Au-delà de son évidente virtuosité, la filmographie d’Ulrich Seidl est un support passionnant pour questionner l’éthique au cinéma. Si certains voient le réalisateur comme un être en souffrance face à la détresse humaine, il est difficile de ne pas lui reconnaître un certain goût pour la moquerie. Le paroxysme du sadisme avait été atteint en 2014 avec Sous-sols, dans lequel la caméra se délectait d’exhiber les déviances de ses acteurs sans jamais tenter de les comprendre. Paradoxalement, c’est dans la fiction que le cinéaste est le plus tendre, en témoigne la trilogie Amour : chaque personnage est repoussant à sa façon, mais les rapports de domination pèsent sur eux avec une telle violence qu’on se refuse de les juger.
À l’image de Hong Sang-soo, Ulrich Seidl répète une seule et même formule qu’il décline en de discrètes variations : regard désabusé et nihiliste sur le monde, protagoniste marginal dans un univers visuel marqué, longs plans fixes distanciés ou caméra à l’épaule, collée aux personnages ; en somme, une montée en puissance dans la perversité. C’est donc un cinéma extrêmement codifié qui retrouve une certaine pureté dans sa façon de transmettre une vision du monde : tout est une question de regard, de rapport à ses personnages et de situations.
La principale originalité de ce Rimini, est de se retrouver avec un protagoniste moins repoussant qu’à l’accoutumée. Ce gigolo-chanteur est effectivement un artiste raté, mais sa sincérité émeut plus qu’elle ne consterne ; on se moque bien plus de ses groupies qui le traitent comme une bête de foire et le fétichisent. Le personnage est présenté endeuillé et en famille, complice avec son frère et accompagnant son père atteint de démence. Sa réaction quand il retrouve sa fille est lâche mais parfaitement humaine, c’est un père rongé par les regrets. On ne peut lui reprocher que deux choses : son racisme, constamment désamorcé par l’humour, et son mépris parfaitement compréhensible envers certaines de ses clientes.
Il serait donc faux de prétendre qu’Ulrich Seidl cherche uniquement à humilier Richie. Si la mise en scène est distante et les scènes de sexe sont sans désir, c’est car nous sommes avant tout dans un cinéma qui explore les rapports de domination. La ville de Rimini, station balnéaire hors-saison, est filmée comme un désert sordide aux horizons limités. Le personnage exploite son peu de gloire pour vendre son corps, en recherche constante d’argent. Il y a évidemment une certaine outrance, mais elle est ne sert qu’à retranscrire la souffrance et ne tombe jamais dans le spectaculaire : lorsque Richie sombre dans l’immoralité, c’est presque en coup de vent, précédant une conclusion douce-amère.

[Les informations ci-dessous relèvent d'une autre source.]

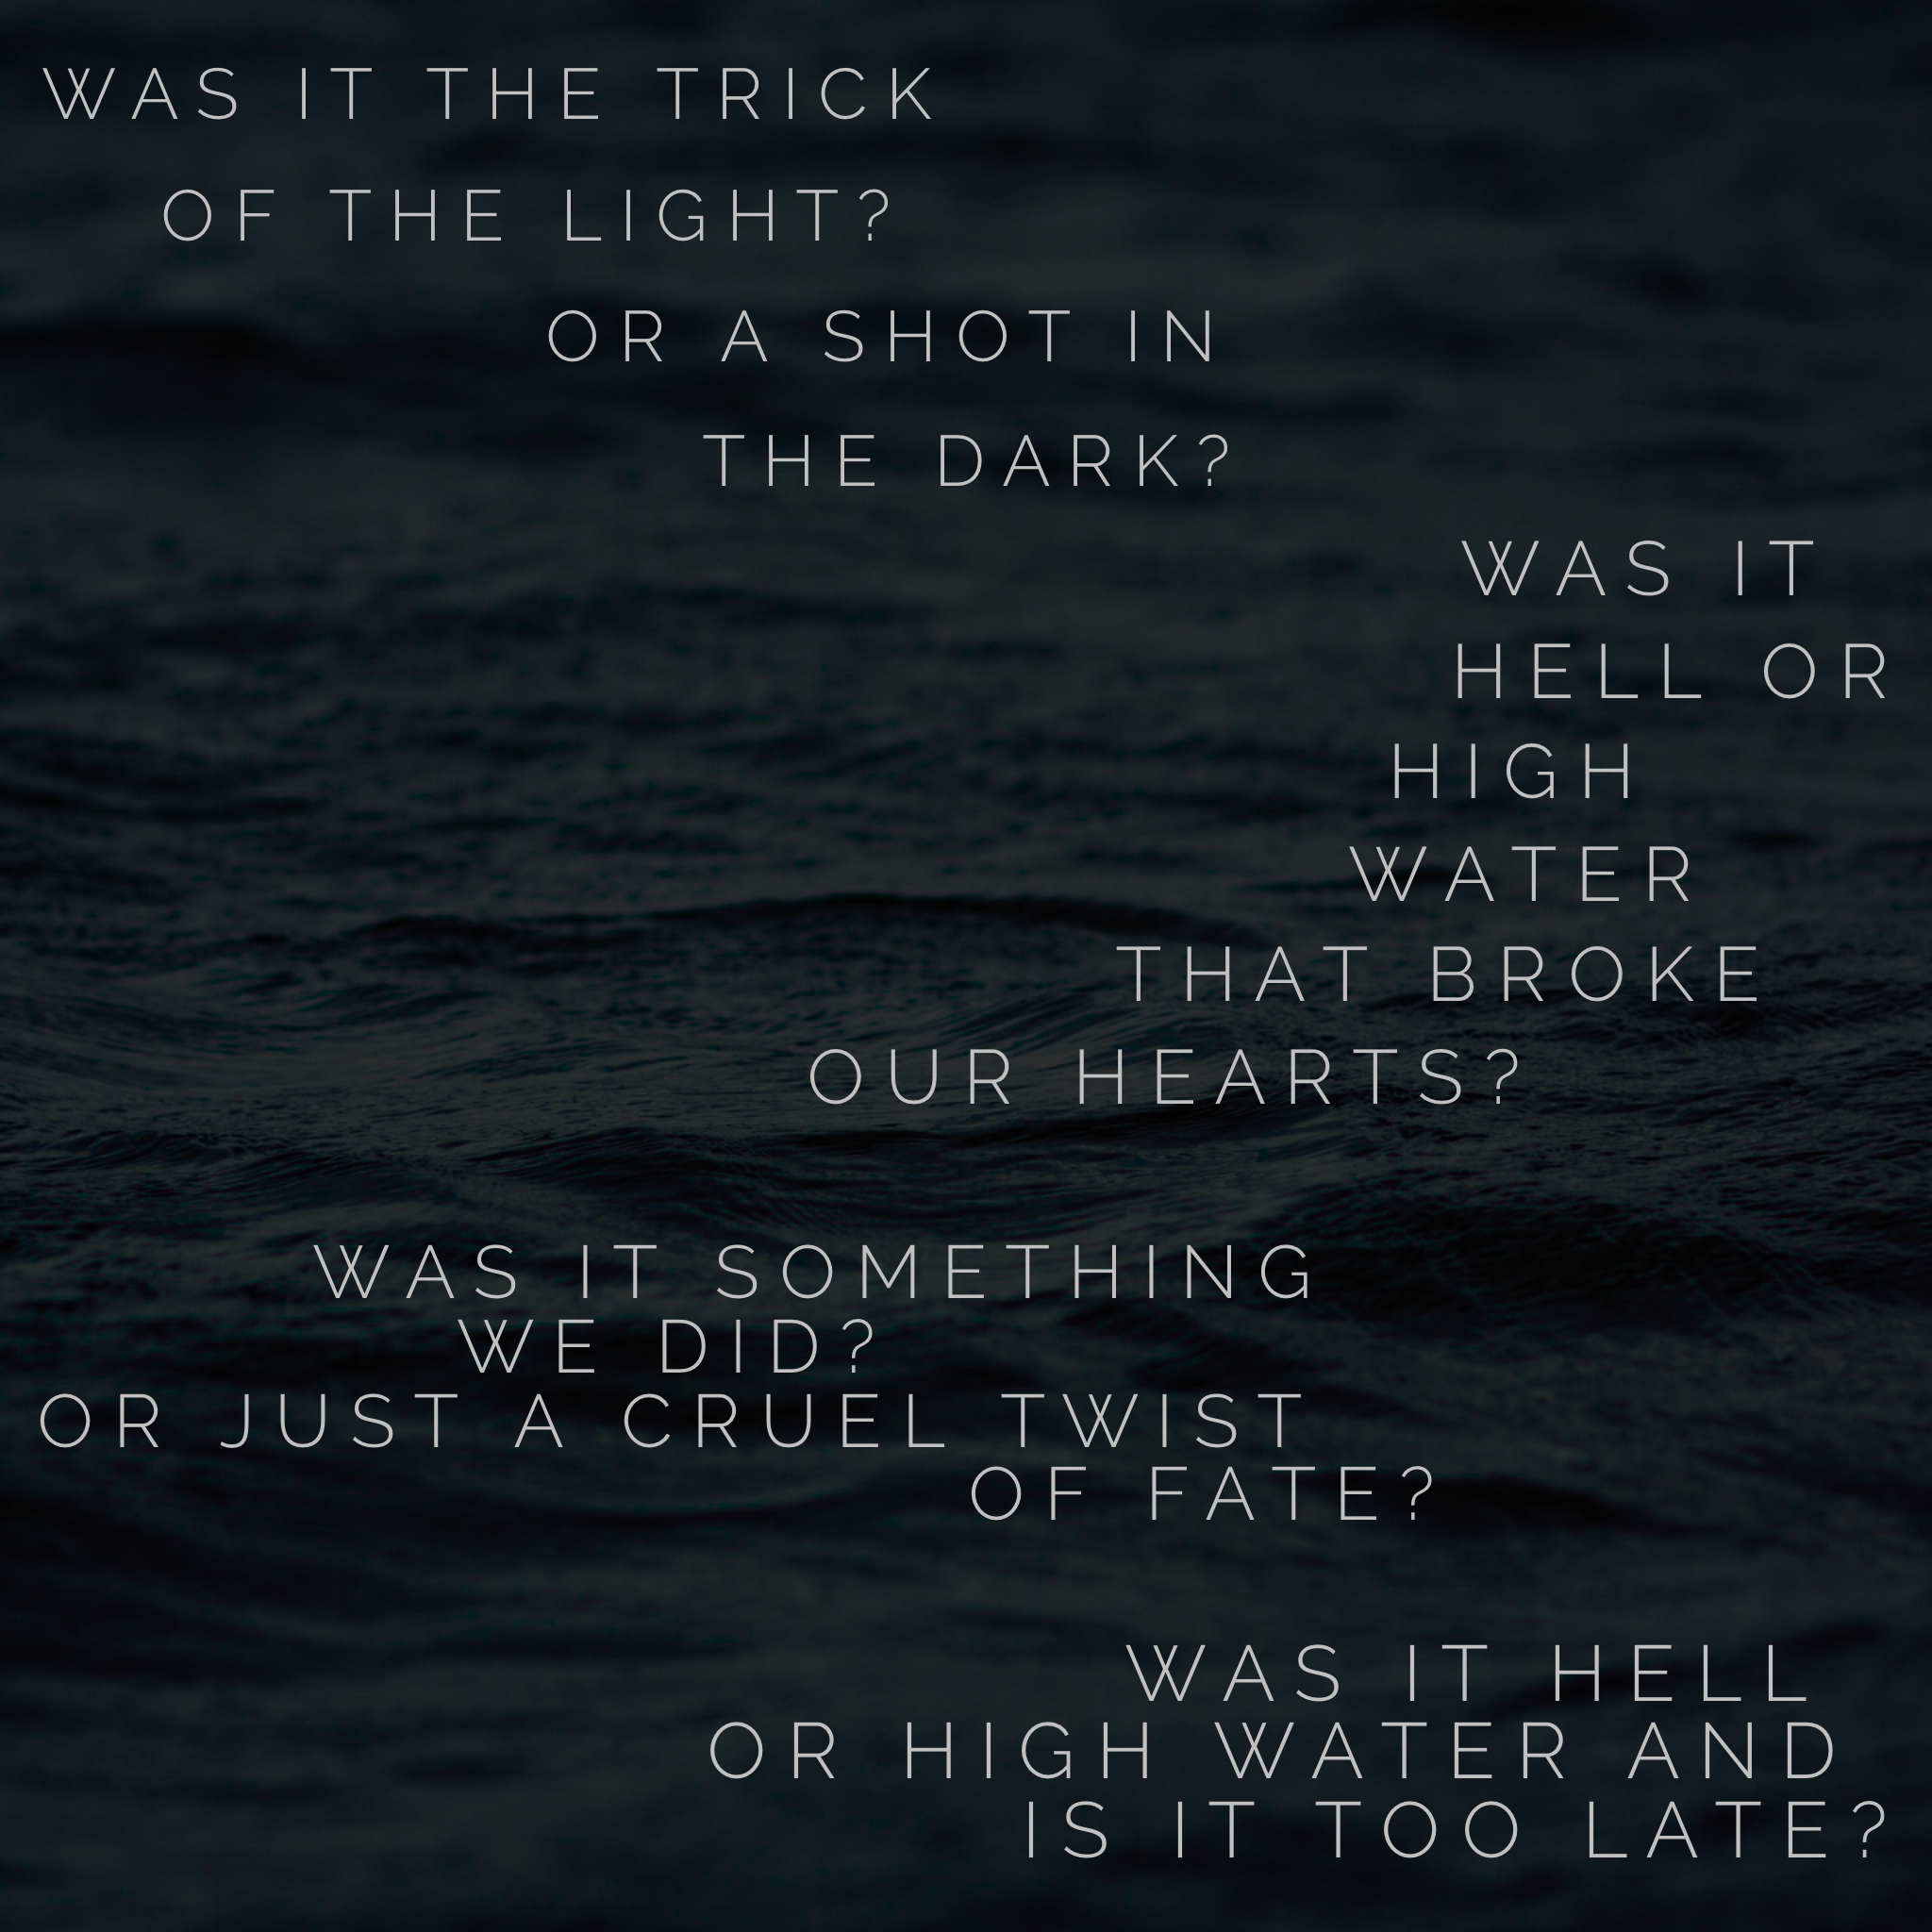 hell or high water lyrics passenger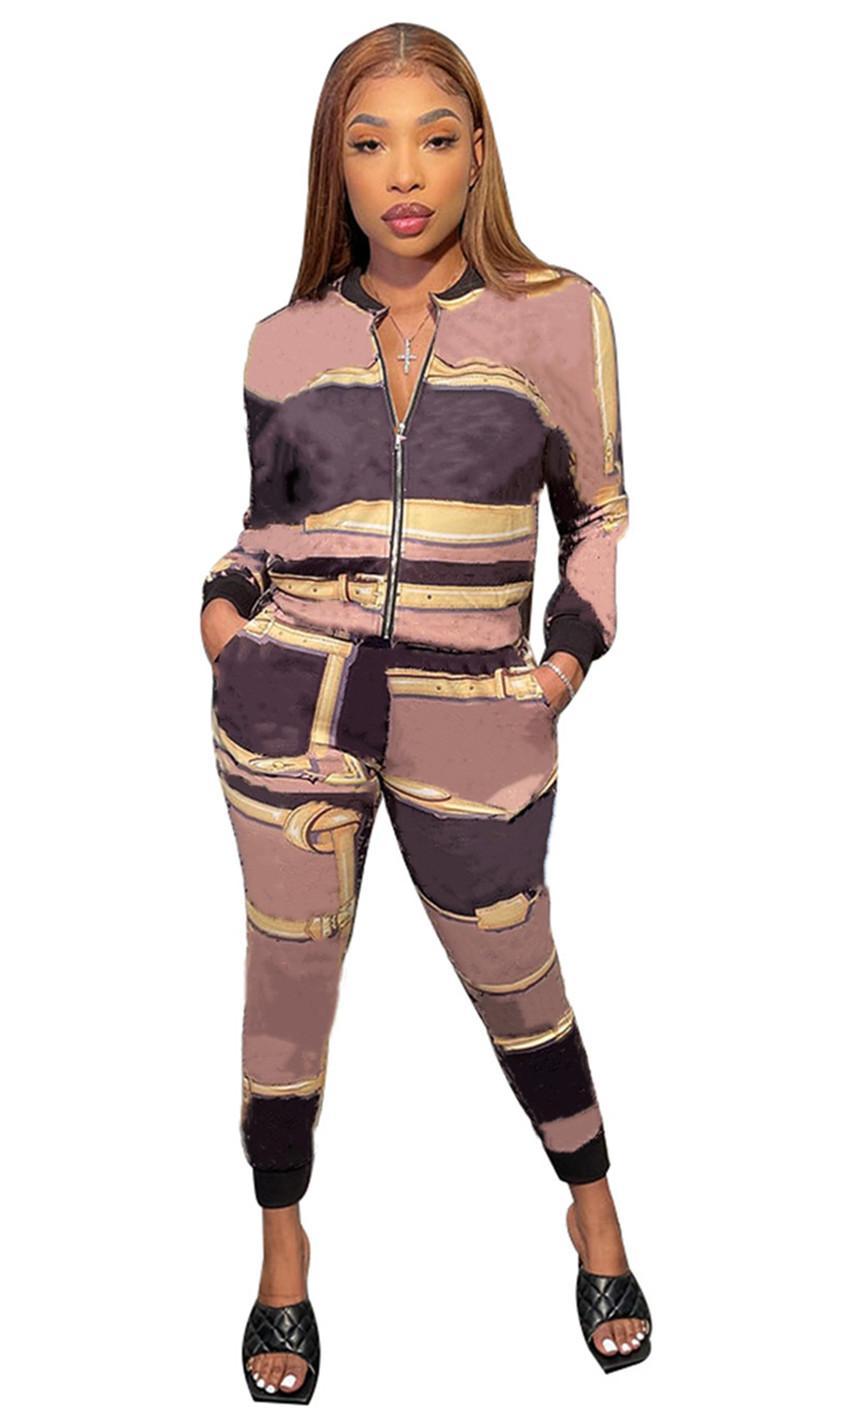 Plus Size S-2XL Womens Casual Trainingsanzüge Weibliche Outfits Brief Sweatsheilkunde Jacke Zwei Teile Sets Sommer Kleidung Sport Jogger Anzug Mantel + Leggings 4752

Une fois de plus, Ulrich Seidl raconte comment la dureté de la vie rend les Hommes dégueulasses et dépeint un monde où tout n’est que solitude, détresse et regrets. La sexualité ne joue pas le rôle d’exutoire, mais devient au contraire le reflet de cette misère humaine. On peut se réjouir qu’un cinéaste désormais habitué aux grands festivals garde sa virulence et sa radicalité sans tomber dans une posture moraliste de bas étage.
Rimini / De Ulrich Seidl / Avec Michael Thomas, Tessa Göttlicher, Hans-Michael Rehberg / 1h56 / Autriche, Allemagne, France / Sortie le 23 novembre 2022.